Aşırı sağ ve otoriter hükümetler insanların korkularından ve hüsranlarından besleniyor. Vatandaşlarımızın bazılarının komplo teorilerine inanmaya eğilimli olmalarının bir nedeni de, günlük yaşamlarını etkileyen faktörlerin birçoğunun herhangi bir ülkenin kontrolü dışında görünmesi nedeniyle kaderlerini değiştirme konusunda kendilerini güçsüz hissetmeleridir.
Bu nedenle, küreseli bölgesele ve ulusala bağlamalıyız. Günümüz dünyasının karmaşıklığını anladığımızı ve buna uygun çözümler getirebileceğimizi kanıtlamamız gerekiyor.
Hızla gelişen küreselleşmiş bir dünyada vatandaşlar, sınırları aşan sorunların sonuçlarını giderek daha fazla deneyimliyor. İklim değişikliği günlük hayatımızda görünür bir hal alıyor ve son COVID-19 salgını dünyayı üç yıldan fazla bir süre felç etmiştir. Bu zorluklar sadece çevreyi ve refahımızı etkilemekle kalmıyor, aynı zamanda yoksulluğu artırarak en savunmasız kesimlerin yanı sıra orta sınıfın da hayatını kötüleştirerek önemli ekonomik ve sosyal sonuçlar yaratıyor.

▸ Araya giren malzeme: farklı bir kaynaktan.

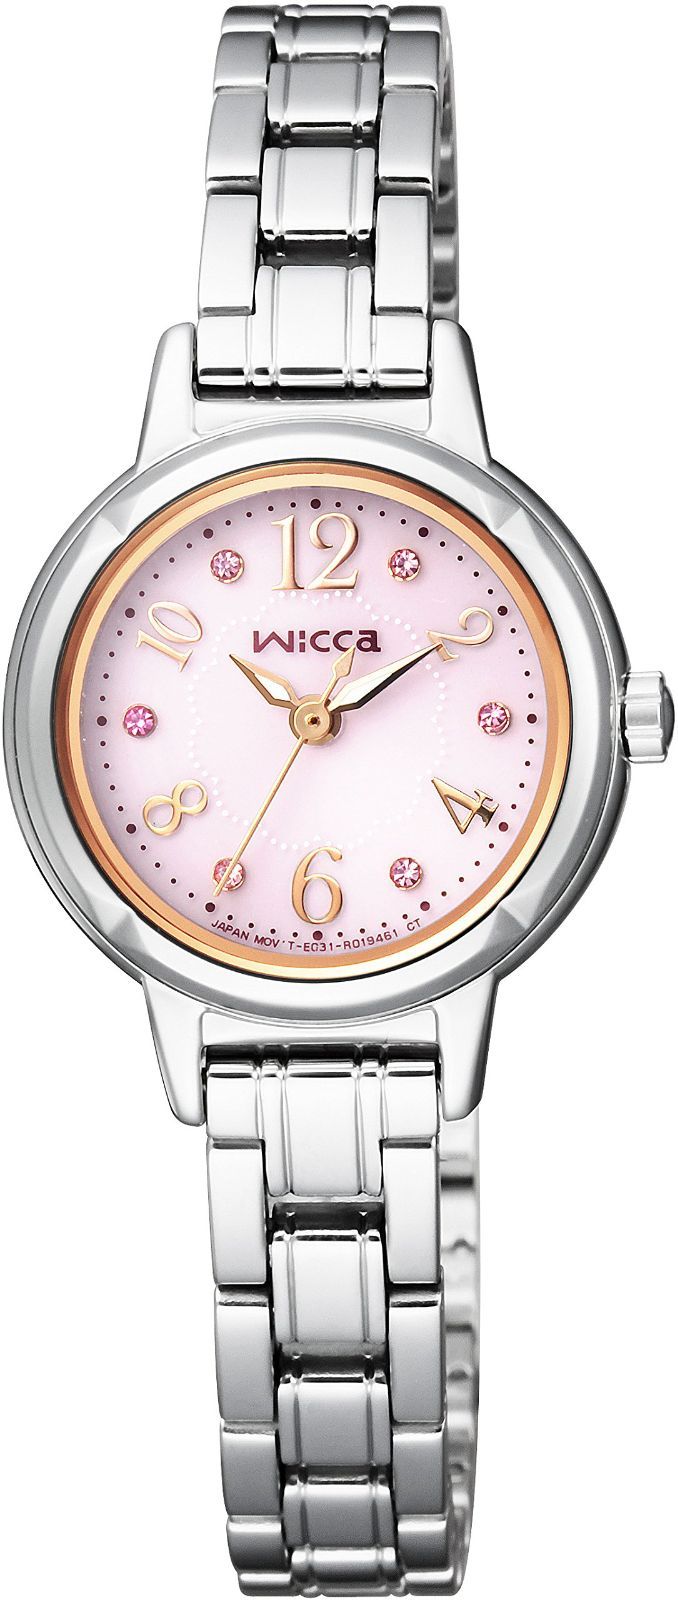 ファッション小物CITIZEN 腕時計 wicca ウィッカ ソーラーテック スワロフスキー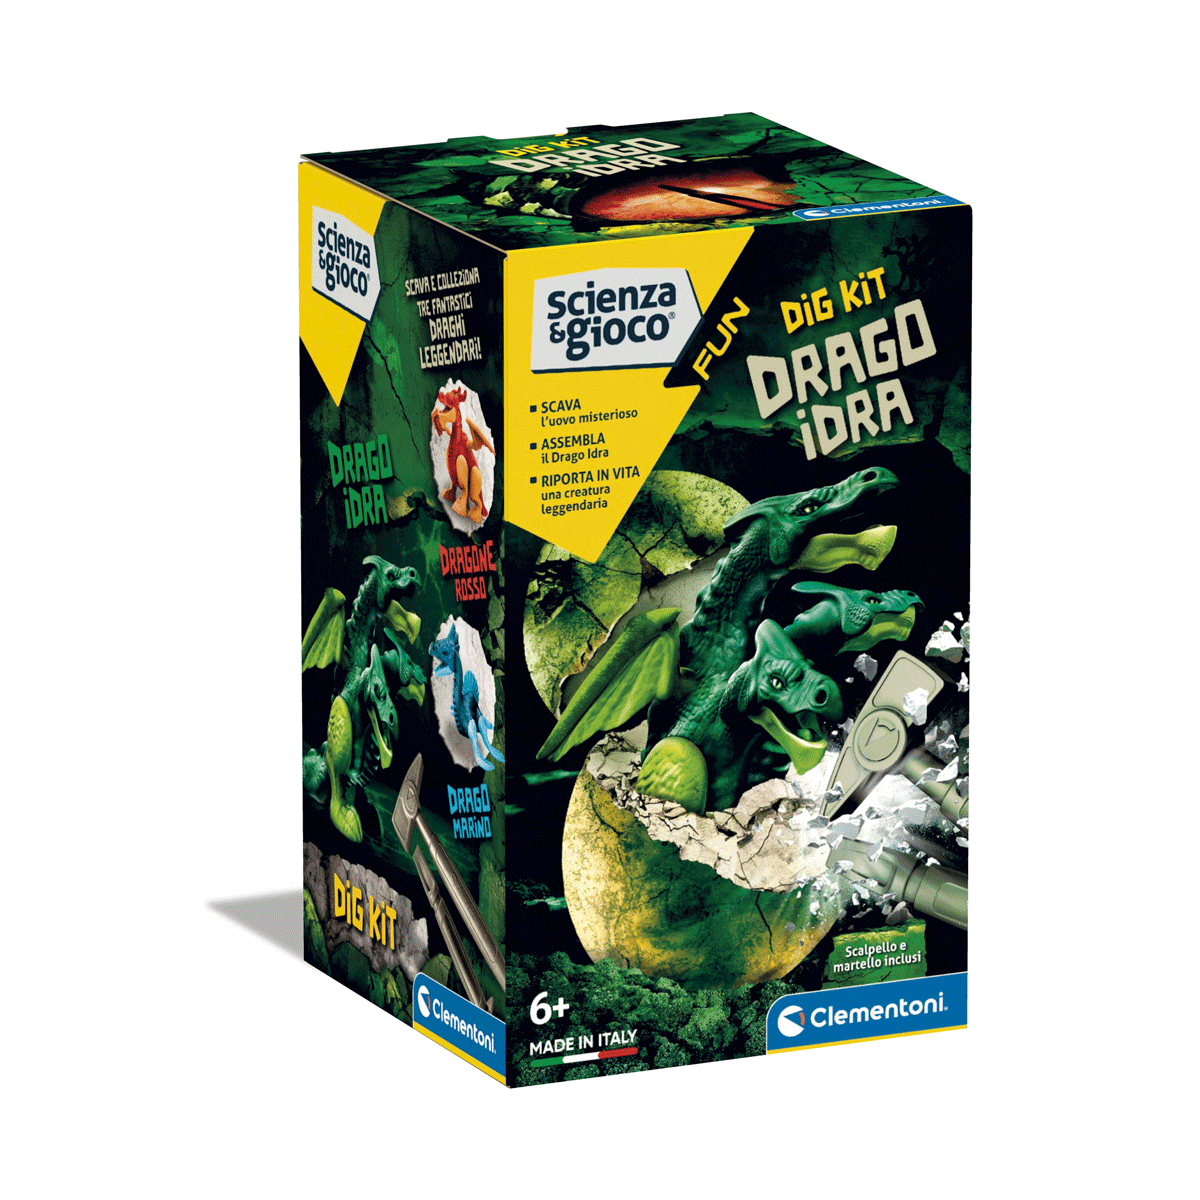 Clementoni - scienza e gioco fun - dig kit drago idra, gioco scientifico - Scienza e Gioco

Birleşmiş Milletler, bu yılki Genel Kurul'da Gelecek için Pakt'ın lansmanını yaparak, insanlığa yönelik varoluşsal risklerin kapsamını vurgulamayı ve yönümüzü değiştirmediğimiz takdirde bunun gelecek nesiller için ne kadar büyük bir felaket olabileceğini göstermeyi amaçlamaktadır. Aynı zamanda bilgi, bilim, teknoloji ve inovasyon alanlarındaki ilerlemelerin daha iyi ve sürdürülebilir bir gelecek için atılımlar sağlayabileceği konusunda farkındalık yaratıyorlar -eğer gerekli yasal, kurumsal ve toplumsal değişiklikleri yapma konusunda bir adım önde olmayı başarabilirsek, çünkü gelecek zaten burada.
Kuşkusuz, birbiriyle bağlantılı sorunlarımız, uluslararası işbirliğine yönelik yenilenmiş bir kararlılık gerektirmektedir. Ancak bu kararlılık aynı zamanda ulusal ve bölgesel politikalarımıza ve dolayısıyla siyasi parti programlarımıza da yansıtılmalıdır. Sosyalist Enternasyonal, bu konuda katılımcı bir tartışma süreci başlatmak ve iyi uygulamaların paylaşılmasını teşvik etmek amacıyla, Türkiye'deki üye partimiz CHP'nin olağanüstü parti kongresi çerçevesinde ev sahipliğini üstlendiği “Küresel ve Ulusal Sorunlara İlerici Yanıtlar" konulu özel bir komite oluşturmuştur.
Kuşkusuz, her ülkenin farklı ulusal, ekonomik ve sosyal koşullarını göz önünde bulundurmalıyız. Ancak geniş bir düşünce laboratuvarı olarak, yaratıcı alternatifler üretmeli ve tüm üyelerimiz ve toplumun geneli tarafından anlaşılabilecek bir küresel bilinç geliştirme ihtiyacı konusunda farkındalık yaratmalıyız.